Forget that heat is the enemy of butter. Zion is going to boil this butter! “The longer you cook it, the more flavor the butter gets.” The flavor comes from a potpourri of ground up spices inside a thick plastic bag. “It has like 10 different spices from Ethiopia.” Zion inhales the aroma. “ I don’t know if you can smell it….”
We stand at the stove watching the butter for half an hour. It’s foamy. It’s clear. It looks ruined and brown. Finally, it’s yellow and thick. This spiced butter is used only with meat – beef, chicken, lamb. There’s no pork here. Vegetable dishes are strictly vegan. For the butter’s final touch, Zion crushes fenugreek leaves. They’re mainly for the smell.

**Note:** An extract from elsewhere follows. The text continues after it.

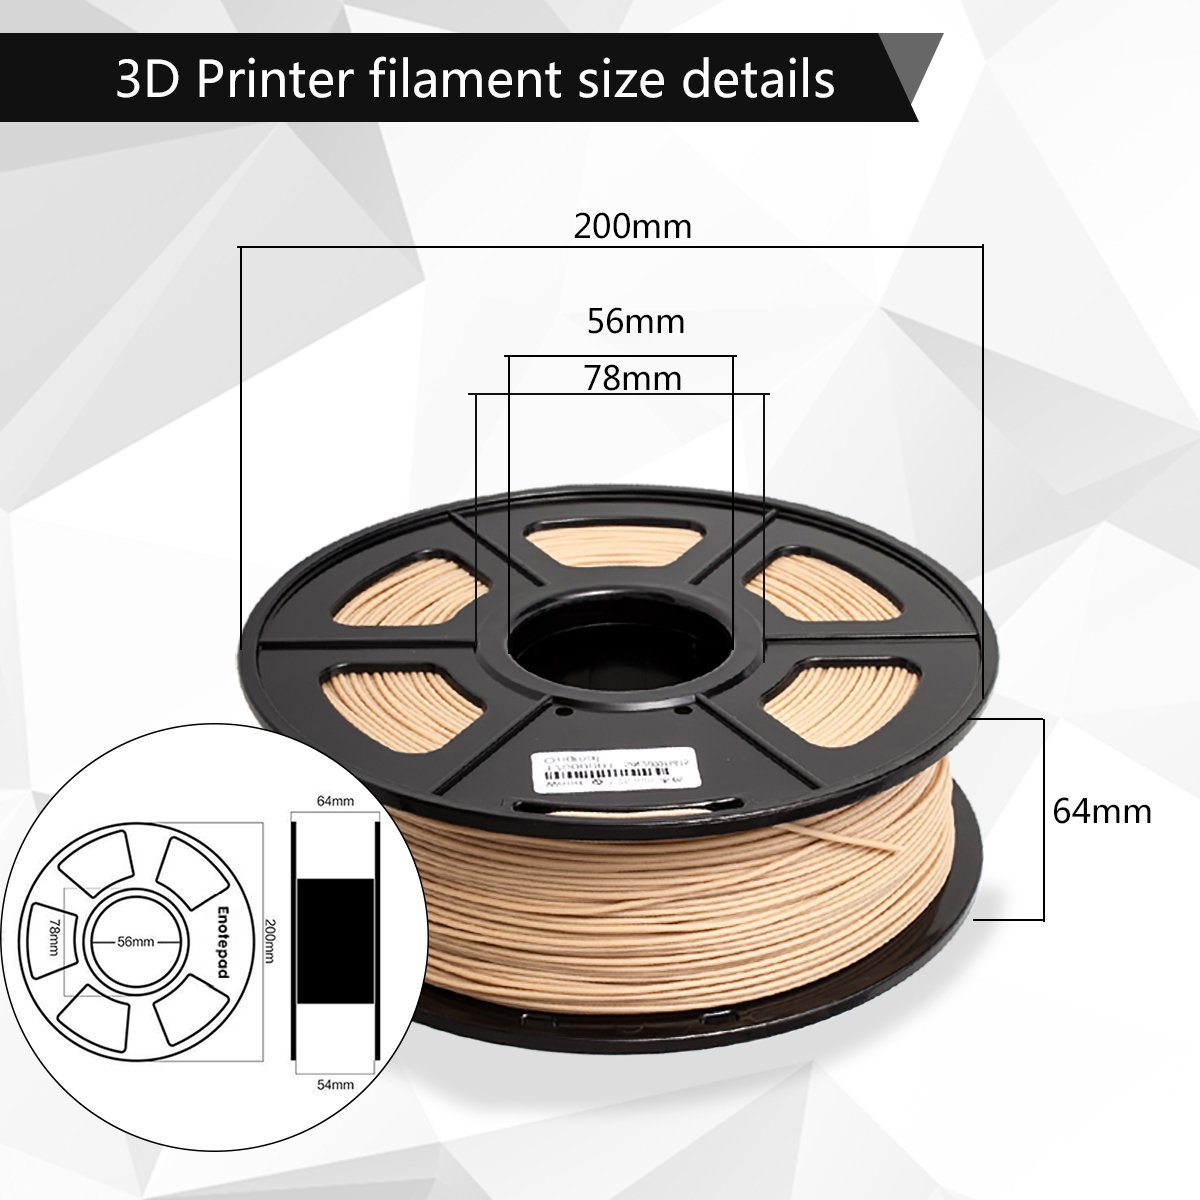 Sunlu PLA Wood Filament 1.75mm 1kg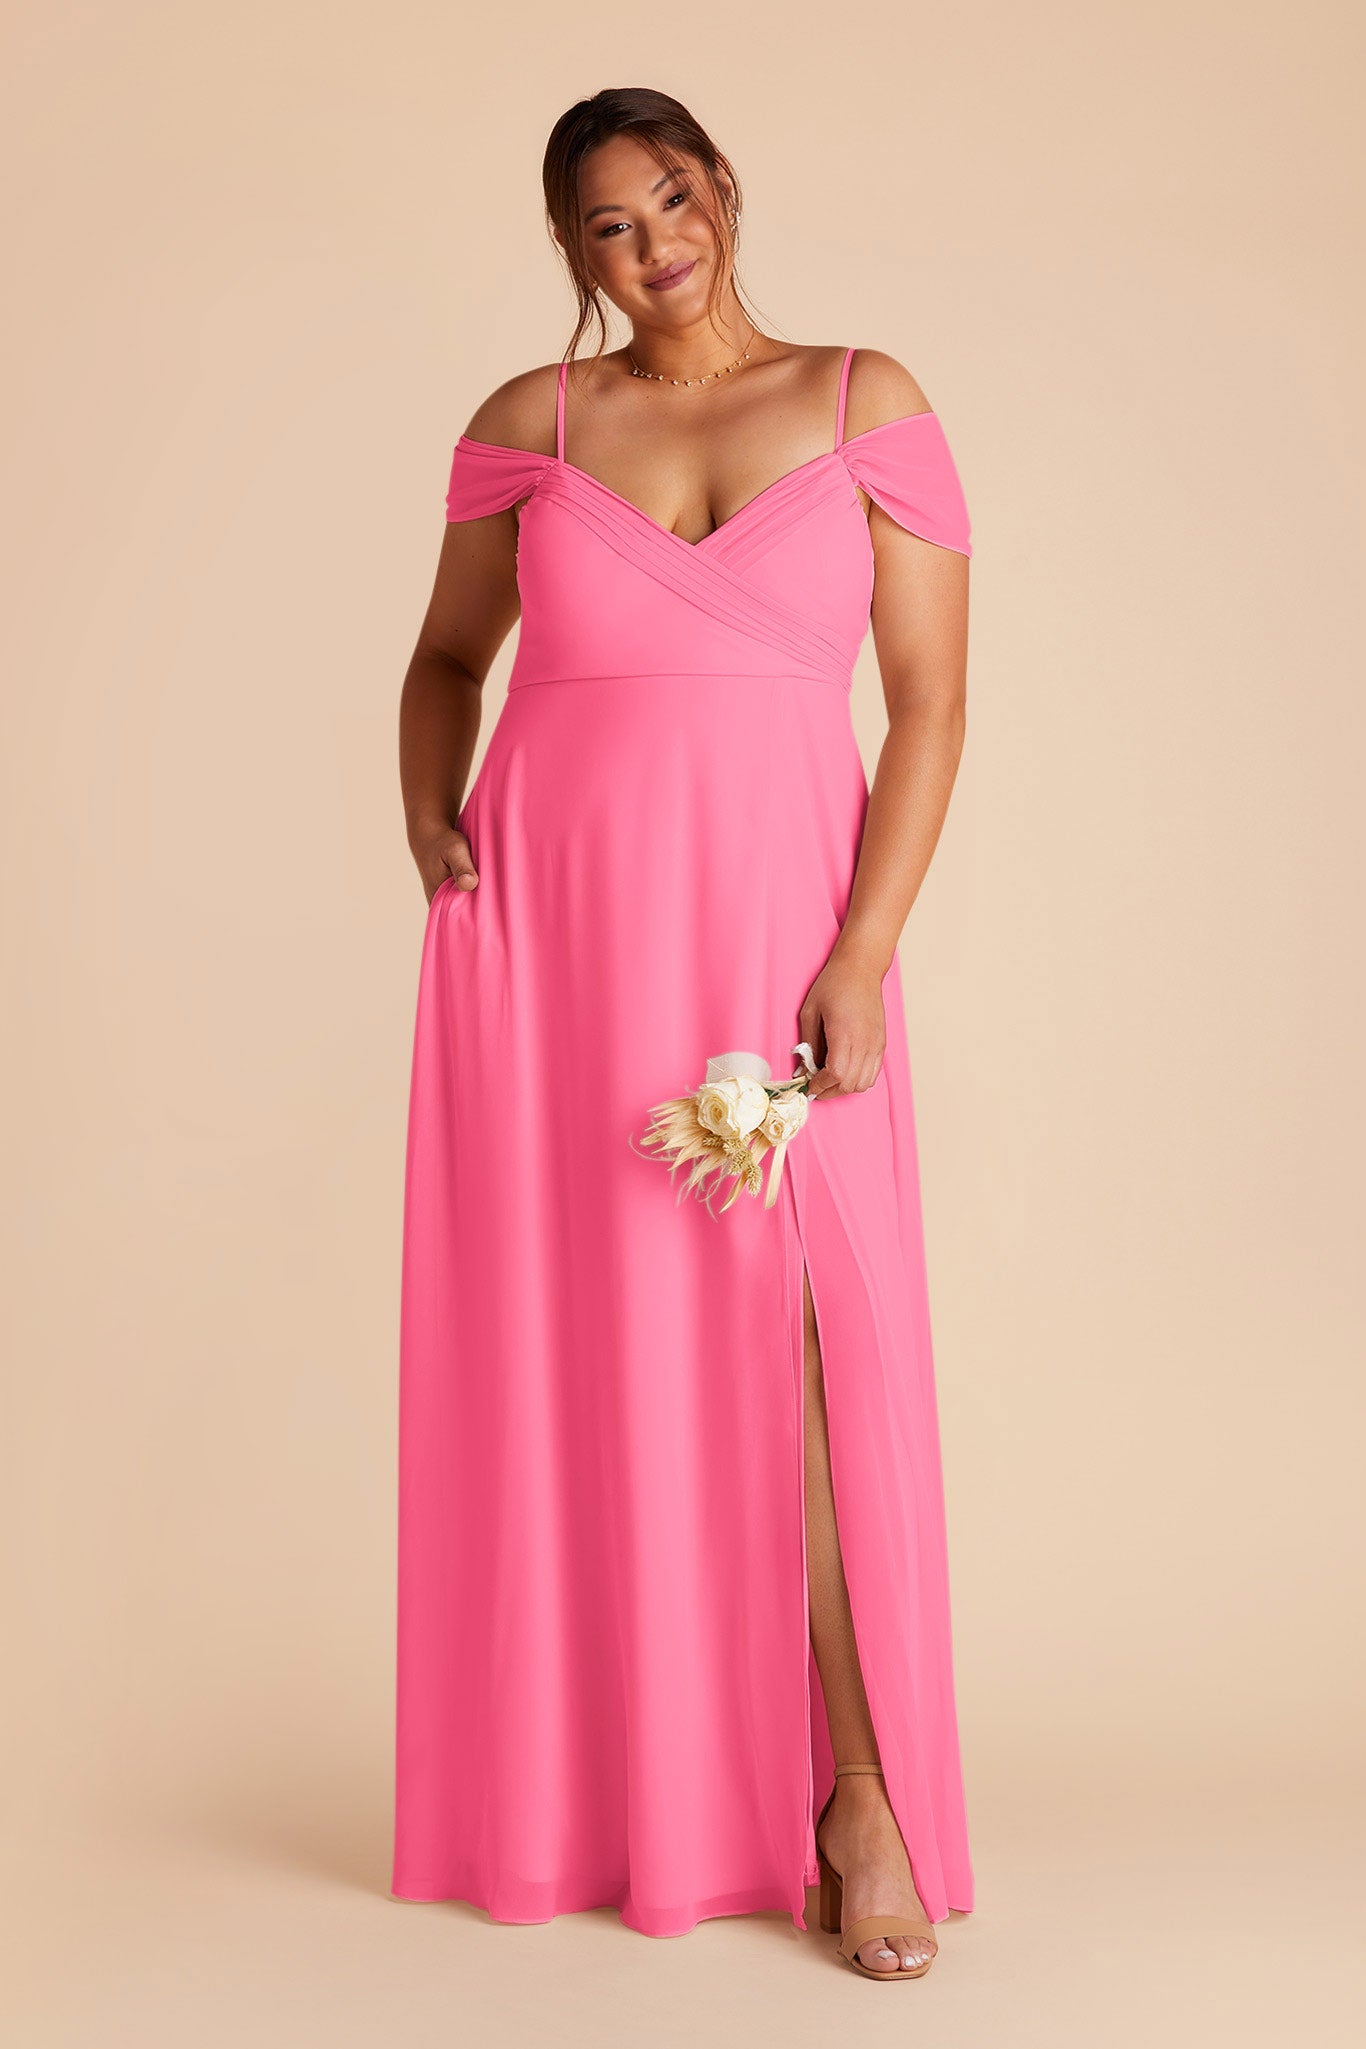 Bon Bon Pink Spence Convertible Dress by Birdy Grey

“That’s what everybody says when they walk by the restaurant … oohhh, what is that smells really good?
Back in the dining room, an Ethiopian clientele arrives for lunch. There’s beef in pepper sauce, lamb, the spicy chicken stew Doro Wot, and nutritious collards. They’re spooned in separate mounds around a big injera pancake lining a tray -- like an edible plate. After the food’s eaten, some lucky diner will get sop up the juicy injera, and eat that, too. Steve Boutin has had time to practice his Ethiopian food-handling technique.
“I’d say anthropologically this is very redeeming,” Boutin says. “We get to get back to our roots. We can eat with our hands, we can have a smile on our face and we can have greasy fingers.”
And one last note: Napkins are in full supply at Queen Sheba. And if all else fails, you can use a fork.